Мой вздох при взгляде на гору Сун и реку Ло ("Наконец-то сегодня Сун и Ло у меня пред глазами…")

Наконец-то сегодня

Сун и Ло у меня пред глазами:

Я назад обернулся

и вздыхаю о тяготах мира,

 

Где цветенье и слава

преходящи, как быстрые воды,

Где печали и беды

поднимаются выше, чем горы.

 

Только горе изведав,

знаешь радости полную цену,

После суетной жизни

станет милым блаженство покоя.

 

Никогда не слыхал я,

чтобы птица, сидевшая в клетке,

Улетев на свободу,

захотела вернуться обратно.

Мой маленький домик ("Мой маленький домик стоит у самой деревни…")

Мой маленький домик

стоит у самой деревни:

Сквозь редкую изгородь

вижу собак и кур,

 

Канавы отводят

от южной улочки воду,

И окна вбирают

усадьбы северной вид...

 

Владеньем Юй Синя

был крошечный сад, и только,

Семья Тао Цяня

была стеснена нуждой…

 

Нам так ли уж нужно

доискиваться просторов:

Просторно должно быть

всегда у людей в сердцах.

На озере ("Всего десять му занимают строенья…")

     Самые прекрасные воздух, земля, вода и деревья столицы находятся на юго-восточной ее стороне. Самое прекрасное место юго-восточной стороны — это деревня Лидаоли. Самая прекрасная часть деревни - северо-западный ее угол. Первое владение у западных ворот перед северной стеной - это и есть жилище семьи Бо, принадлежащее ушедшему в старости на покой Лэтяню. Всего в усадьбе семнадцать му. Одна ее треть - жилые помещения, одна пятая - вода, одна девятая - бамбук, а среди них - островки, деревья, мосты, дороги... Как хозяин, радуясь всему этому, Лэтянь сказал: "Хотя и есть здесь террасы и башенки, но без зерна не пользоваться ими", - и построил к востоку от озера амбар. А затем сказал: "Хотя и есть здесь молодое поколение, но без книг не воспитать его", - и воздвиг к северу от озера книгохранилище. После чего сказал: "Хотя и есть здесь гостящие друзья, но без циня и без вина не развлечь их", - и поставил к западу от озера беседку для игры на цине, вдобавок расположив в ней каменные винные чаши. Когда Лэтянь ушел с должности правителя Ханчжоу, он взял с собою один камень с вершины Тяньчжу и двух журавлей из Хуатина. Тогда же построил Западный ровный мост и провел дорогу вокруг озера. Когда ушел с должности правителя Сучжоу, то взял с собою камень с озера Тайху, белый лотос, "гнущий спину" водяной каштан, черную дощатую лодку. Тогда же построил Срединный высокий мост, соединив им три островка. Когда ушел с должности шилана, заместителя начальника Уголовной палаты, то было у него зерна тысяча ху, книг одна повозка и слуг, владеющих искусством пения и игры на свирелях, ударном цине и струнных инструментах, всего пальцев сто, с чем и вернулся к себе. Тогда же инчуаньский Чэнь Сяошань подарил выдержанное дворцовое вино отличнейшего вкуса, болинский Цуй Хуэйшу подарил цинь чистейшей настройки, Цзян Фа, гость из Шу, научил мелодии "Осенние думы" спокойнейшего звучания, хуннунский Ян Чжэньи подарил три черных камня - прямоугольных, ровных, гладких, на которых можно и сидеть и лежать.
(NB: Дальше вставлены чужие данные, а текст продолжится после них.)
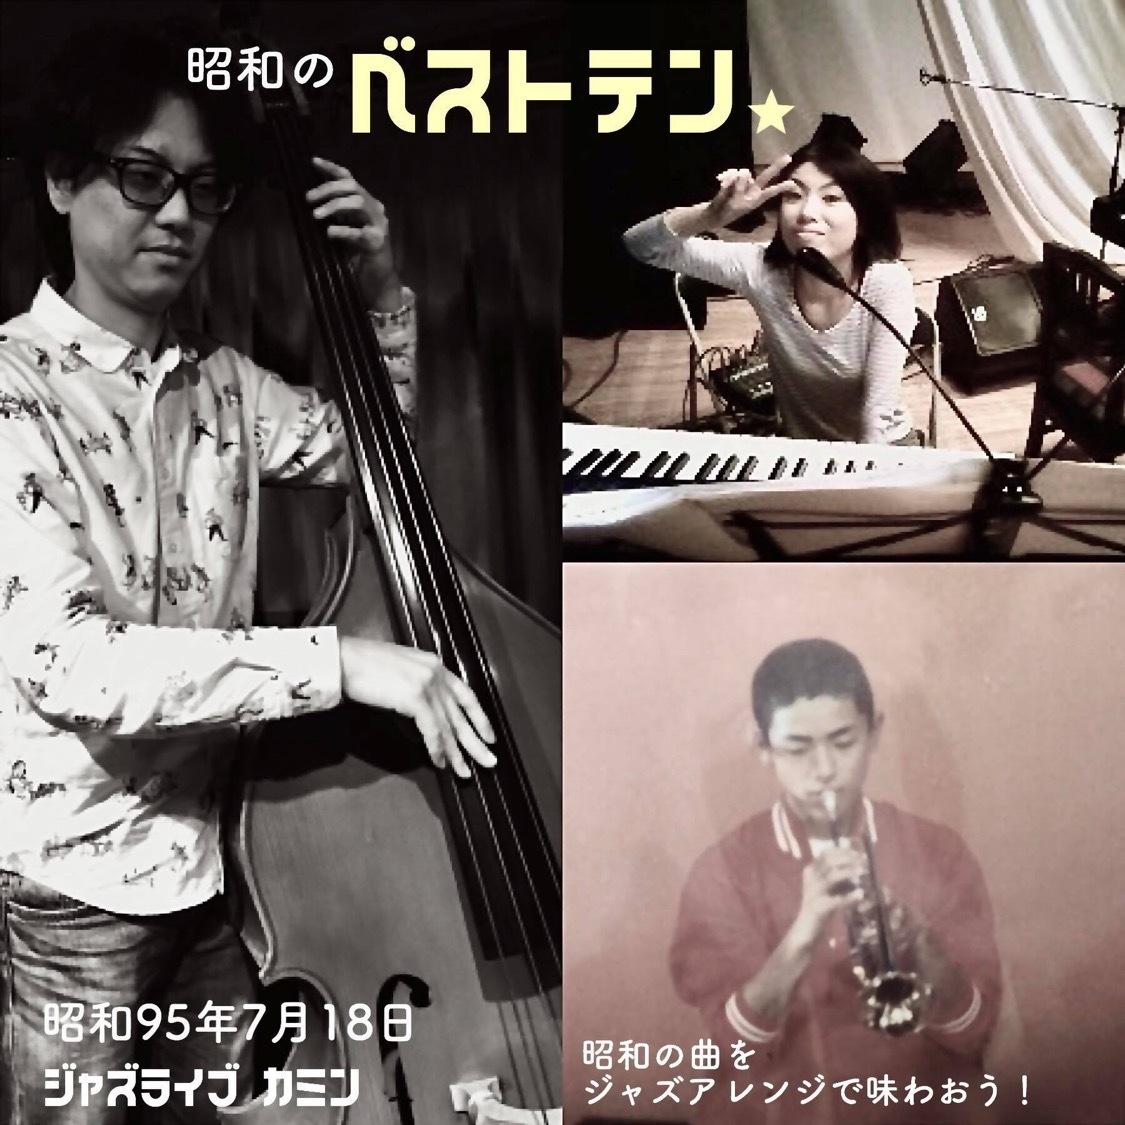 ジャズライブカミン  広島 Jazzlive Comin 本日7月18日土曜日の生演奏_b0115606_00293511.jpeg
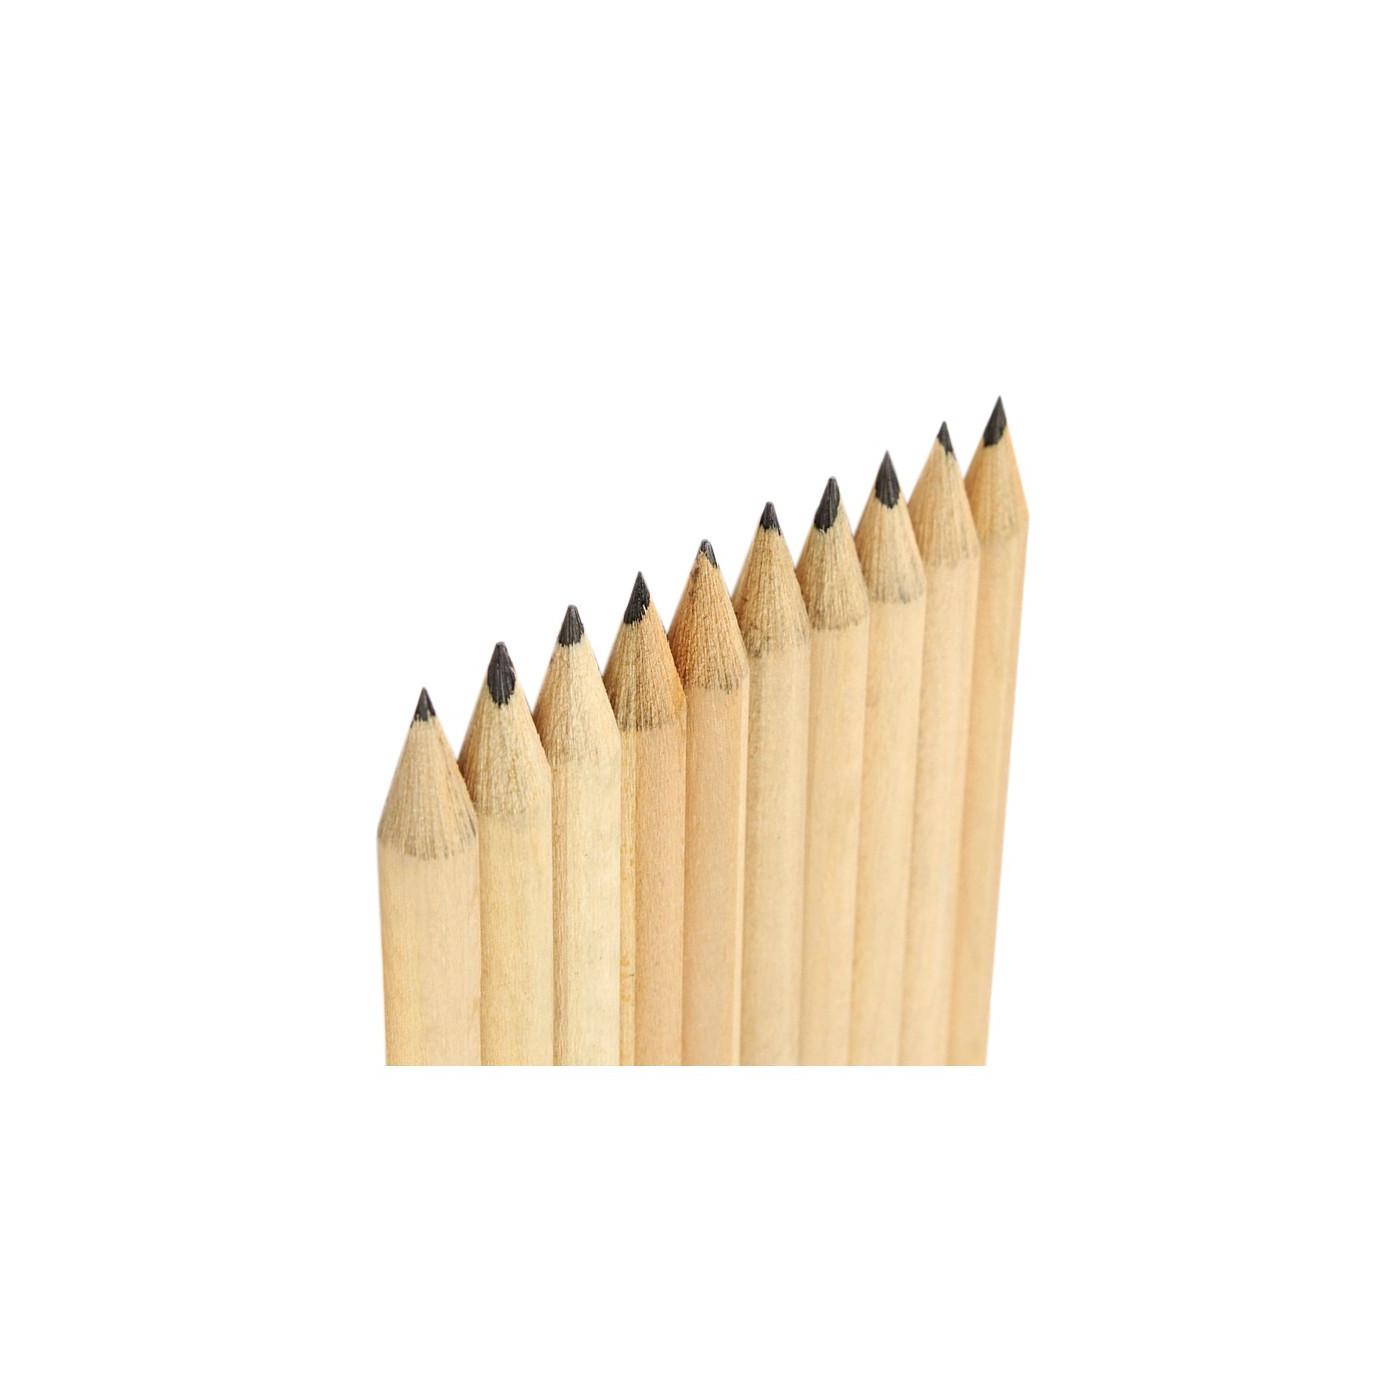 Set van 50 potloden (19 cm lengte, type 4, met gum)  - 1

     Летом третьего года Тайхэ, получив приглашение быть гостем наследника престола, Лэтянь был назначен в Лоян и обосновался на озере... Все приобретенное на трех должностях, все подаренное четырьмя лицами и я сам, бесталанный человек, все сегодня стало принадлежностью озера. И всегда, - утром ли, когда на озере с ветром весна, когда на озере осень с луной и над водою распускается благоухающий лотос, вечером ли, когда роса чиста и кричит журавль, - провожу рукою по камням Яна, поднимаю чарку с вином Чэня, беру цинь Цуя, играю "Осенние думы" Цзяна и так отдаюсь наслаждению и забываю обо всем прочем. Охмелев от вина и отстранив цинь, призываю отроков - певцов и музыкантов - взойти в беседку Срединного острова и хором исполнить "Из радуги яркий наряд". Звуки уносятся вслед за ветром и то застывают, то рассеиваются и вдали, среди деревьев бамбука, дымкой подернутых волн и луны, остаются надолго...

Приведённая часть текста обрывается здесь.